▸ **TASK REQUIREMENTS**
Copy out the lines beginning with the one that contains "Uit cijfers blijkt" and ending with the last line below, exactly as they stand. Pictures are not copied.

▸ **AVAILABLE DATA**
──────────────────────────────

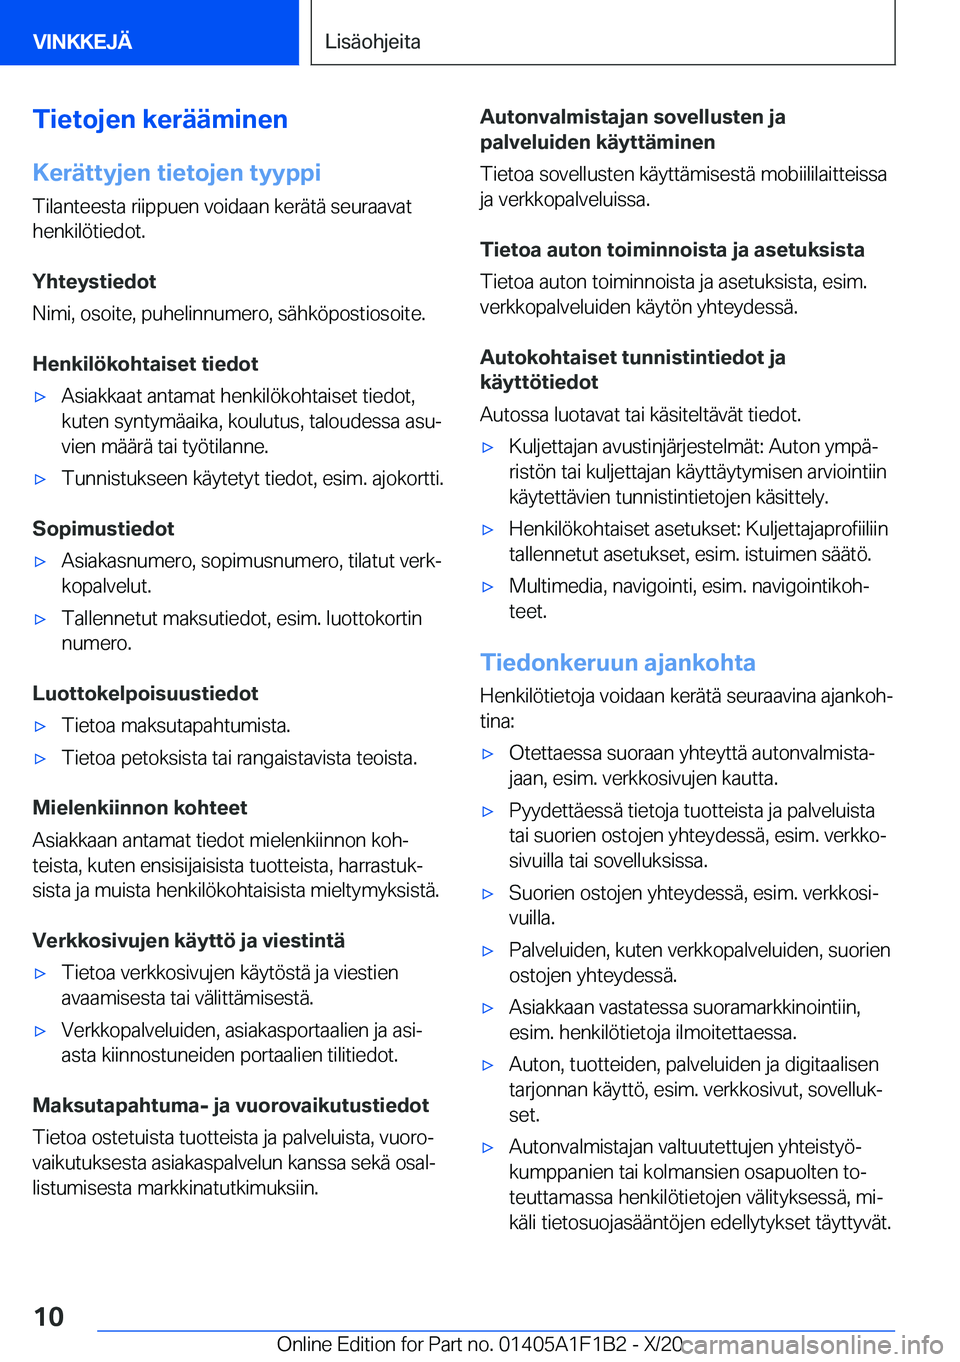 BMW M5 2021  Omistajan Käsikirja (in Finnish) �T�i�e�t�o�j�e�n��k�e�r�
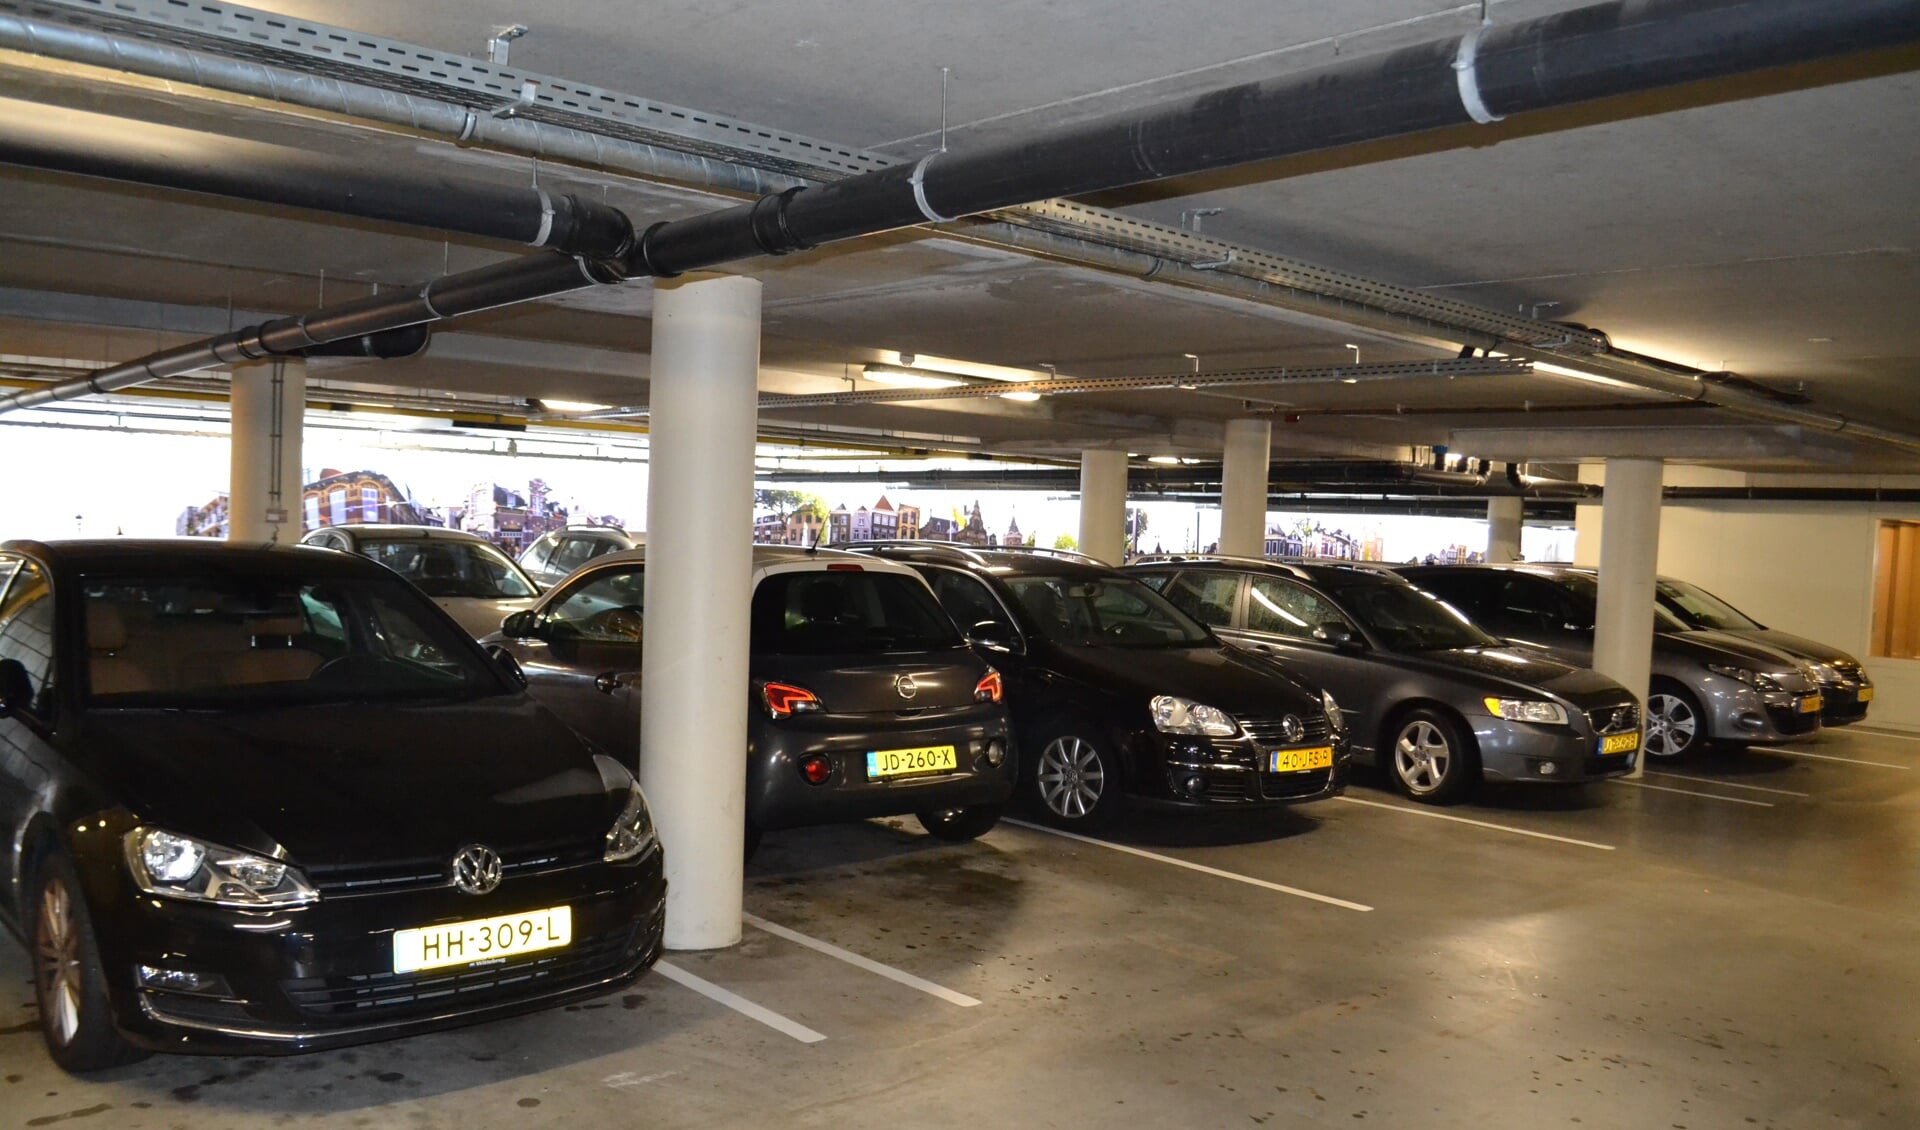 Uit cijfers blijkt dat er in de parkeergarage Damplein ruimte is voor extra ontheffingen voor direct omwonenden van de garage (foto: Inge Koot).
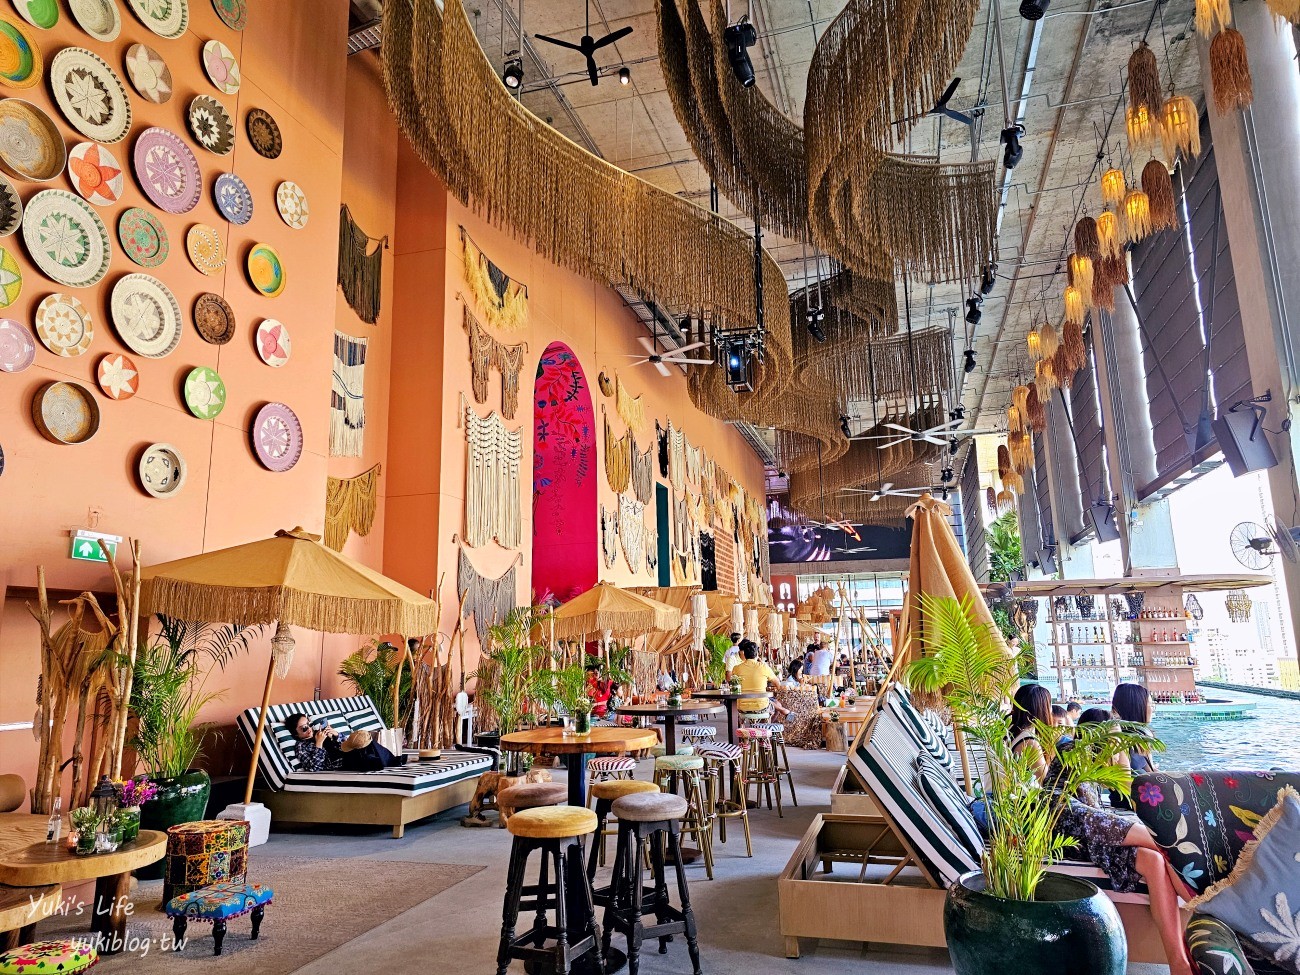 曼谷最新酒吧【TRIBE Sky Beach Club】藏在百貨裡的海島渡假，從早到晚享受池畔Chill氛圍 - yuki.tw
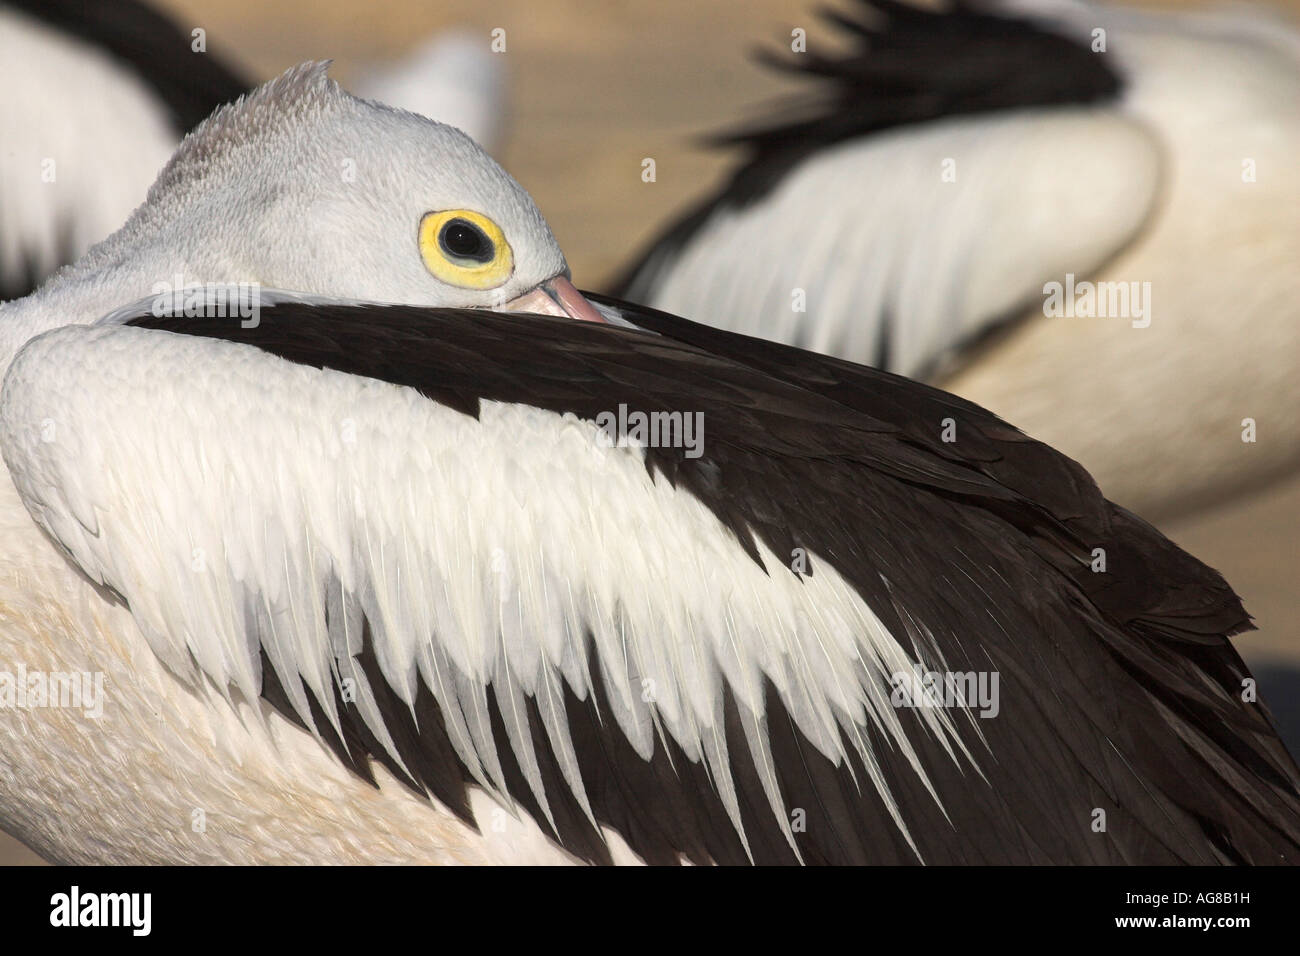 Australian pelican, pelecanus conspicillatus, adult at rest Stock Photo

──────────────────────────────

▸ **RESPONSE AREA**
 Uit cijfers blijkt dat er in de parkeergarage Damplein ruimte is voor extra ontheffingen voor direct omwonenden van de garage (foto: Inge Koot).
 曼谷最新酒吧【TRIBE Sky Beach Club】藏在百貨裡的海島渡假，從早到晚享受池畔Chill氛圍 - yuki.tw
 Australian pelican, pelecanus conspicillatus, adult at rest Stock Photo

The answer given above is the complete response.